Did you hear that? That was the sound of corn growing

CornSeedling_blogThere’s an old farmer’s tale that says, “On a quiet night you can hear the corn grow.” While this may seem silly, scientists were recently able to prove it true through the use of contact microphones that directly record the sounds of corn growing.

By listening to these sounds, the scientists believe corn grows in a similar way to how it breaks, and from understand these mechanisms, they may be able to improve corn — and potentially other plants too.

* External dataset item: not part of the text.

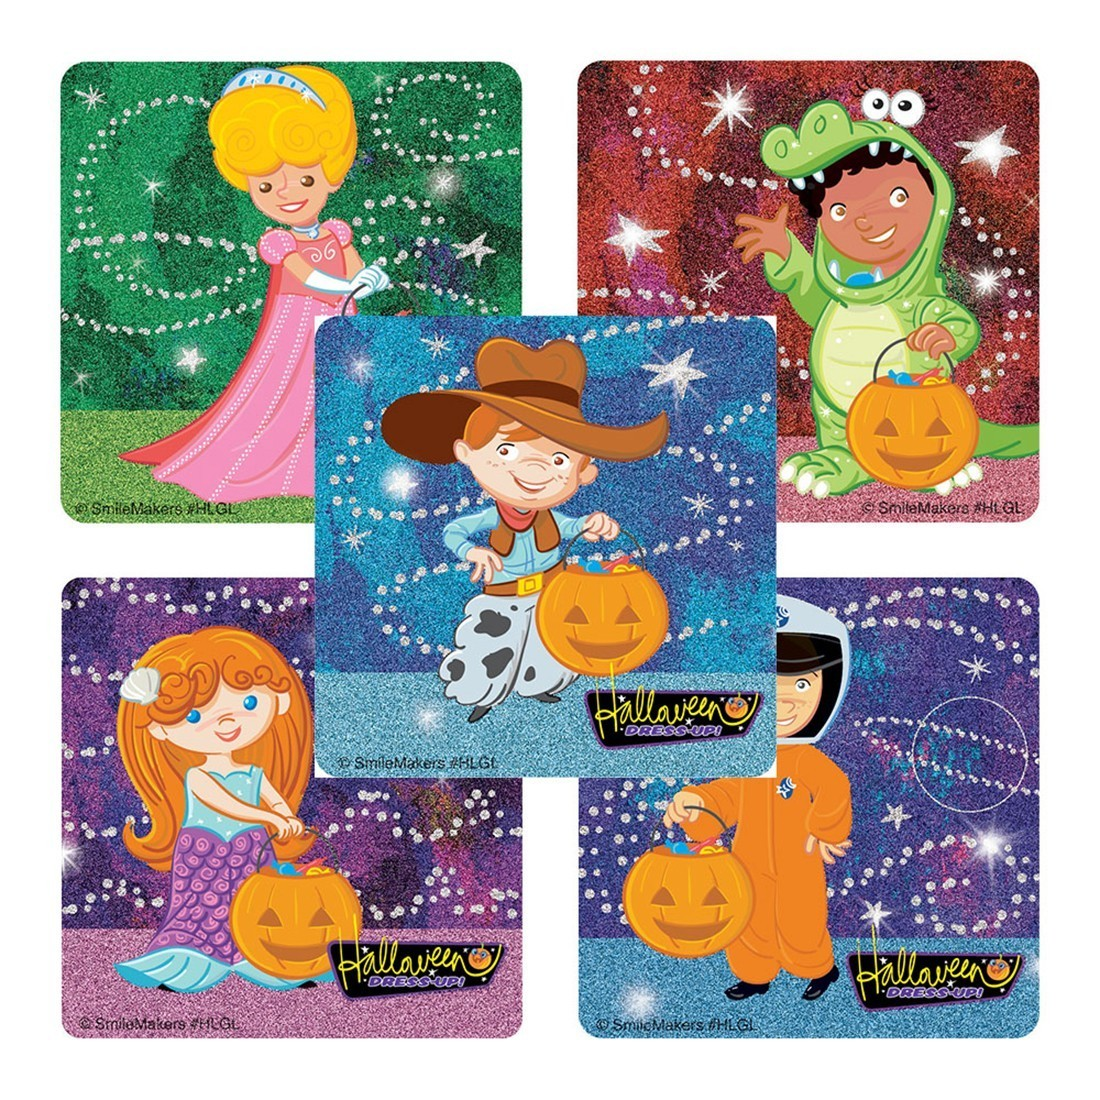 Halloween Glitter Stickers                         [image]
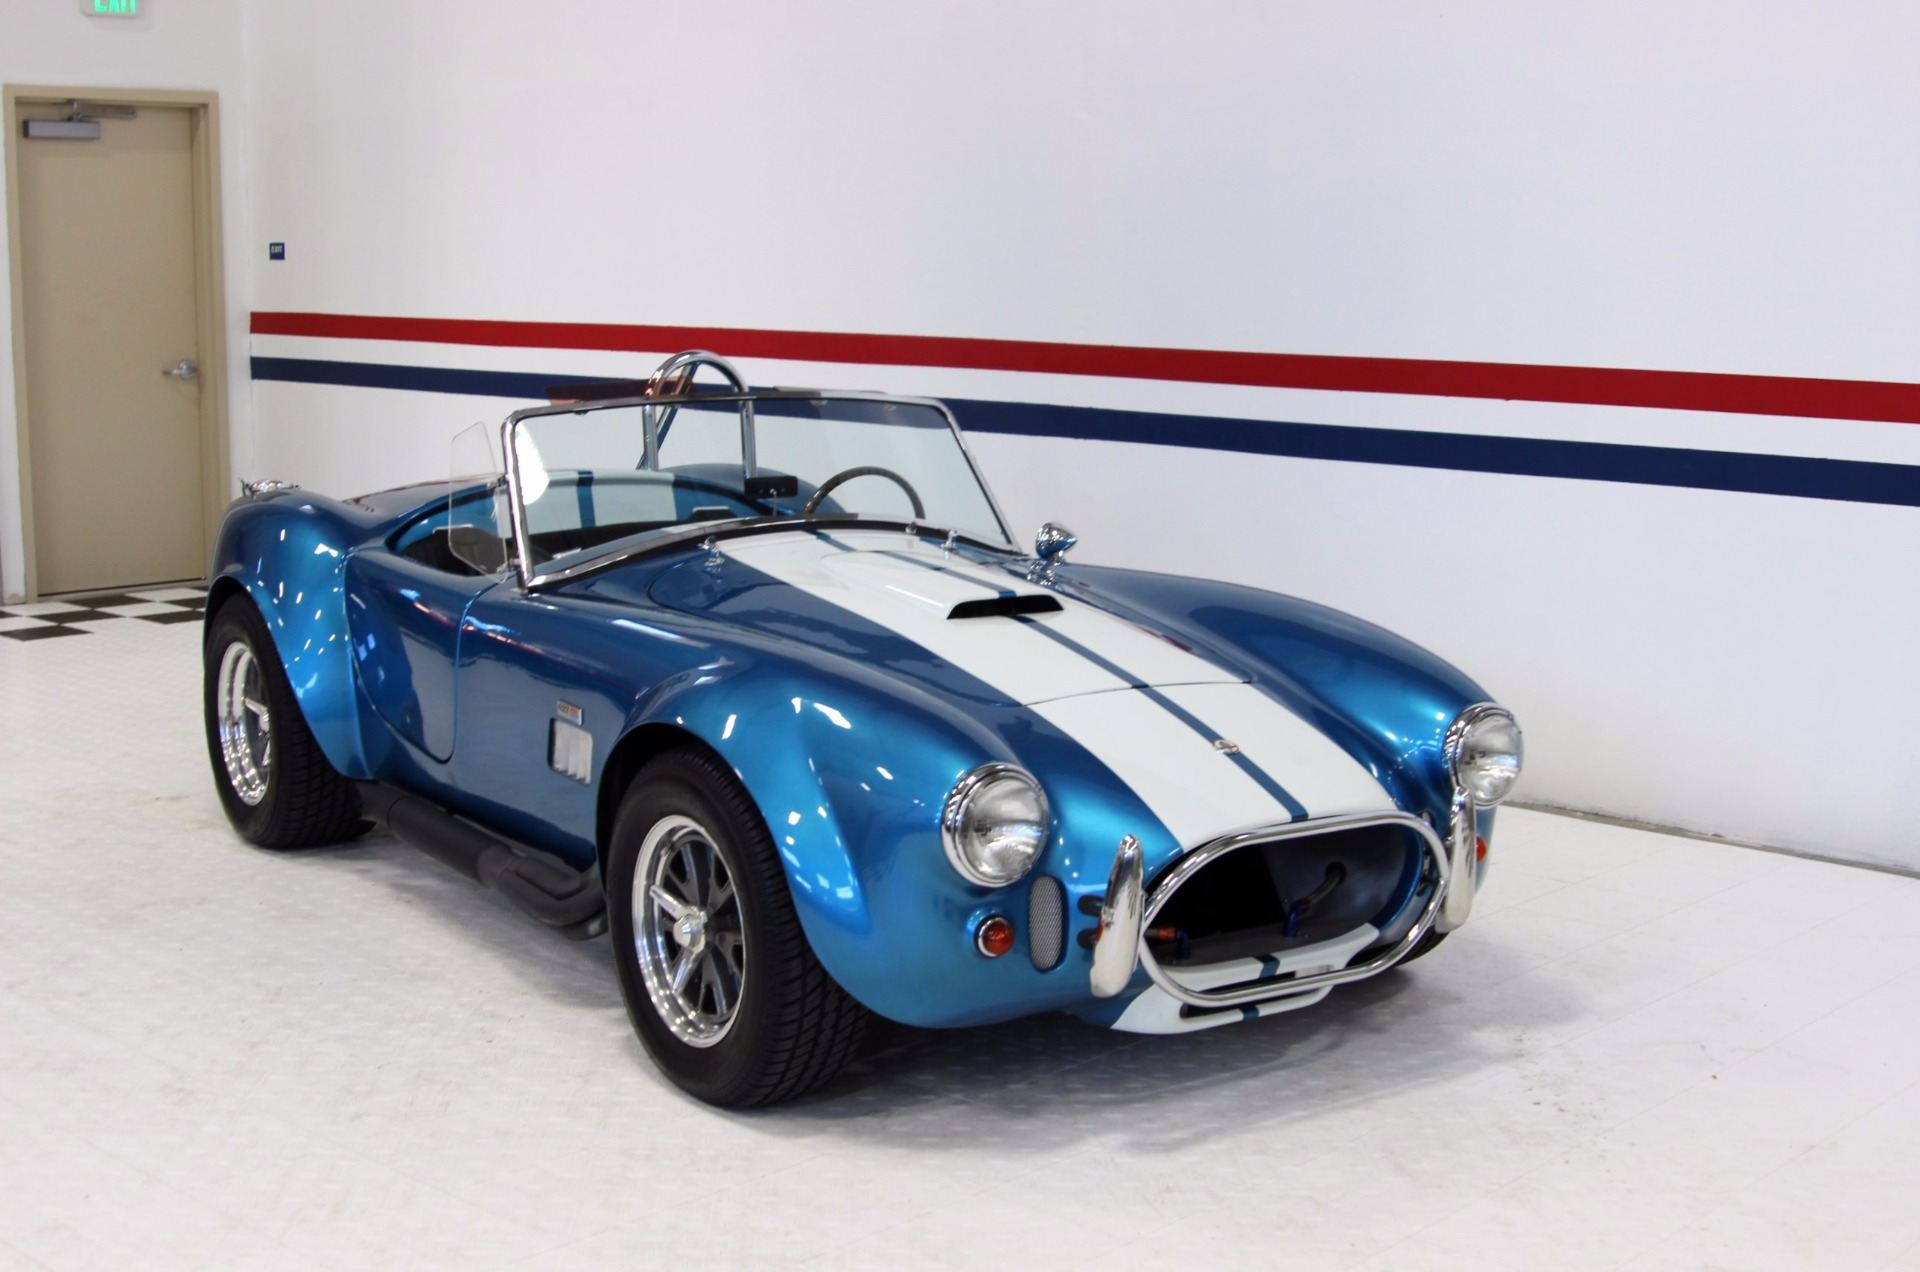 Used 1966 ac shell valley cobra replica

As explained in a recent article, corn is the leading grain crop in the U.S. with more than 350 million metric tons harvested yearly. But a lack of understanding about the mechanics involved in wind-induced corn stalk failure has hindered further improvements in corn production. Crop scientists have been working on this problem for more than 100 years, albeit with only marginal success.

“Material breakage is a lot like a microscopic earthquake: the sudden release of internal stresses sends sound waves radiating in every direction,” researcher Douglas Cook explained in the article. “We’re using special sensors called piezoelectric contact microphones to monitor the sounds emitted by corn stalks just before failure. This helps us understand the failure process more clearly.”

Cook went on to explain that he and the other researchers involved believe plant growth involves millions of tiny breakage events, and that these breakage events trigger the plant to rush to “repair” the broken regions. “By continuously breaking and repairing, the plant is able to grow taller and taller,” Cook said.

While the researchers haven’t yet determined whether this is true for all plants, Cook suggested that it may be a mechanism similar to that involved in muscle development: Lifting weights imparts tiny micro-tears in the muscle and, as these are repaired, the muscle is strengthened.

This intriguing finding is the result of the fusion of two seemingly unrelated disciplines: plant science and mechanical engineering, the article states.

“Many crops are lost each year due to wind damage,” Cook said. “Engineers know a lot about how to prevent structural failure, and by using natural breeding techniques plant scientists can improve virtually any feature of the plant that they can measure. So you can imagine that a great deal of progress in plant structural integrity can be achieved by these two disciplines working together.”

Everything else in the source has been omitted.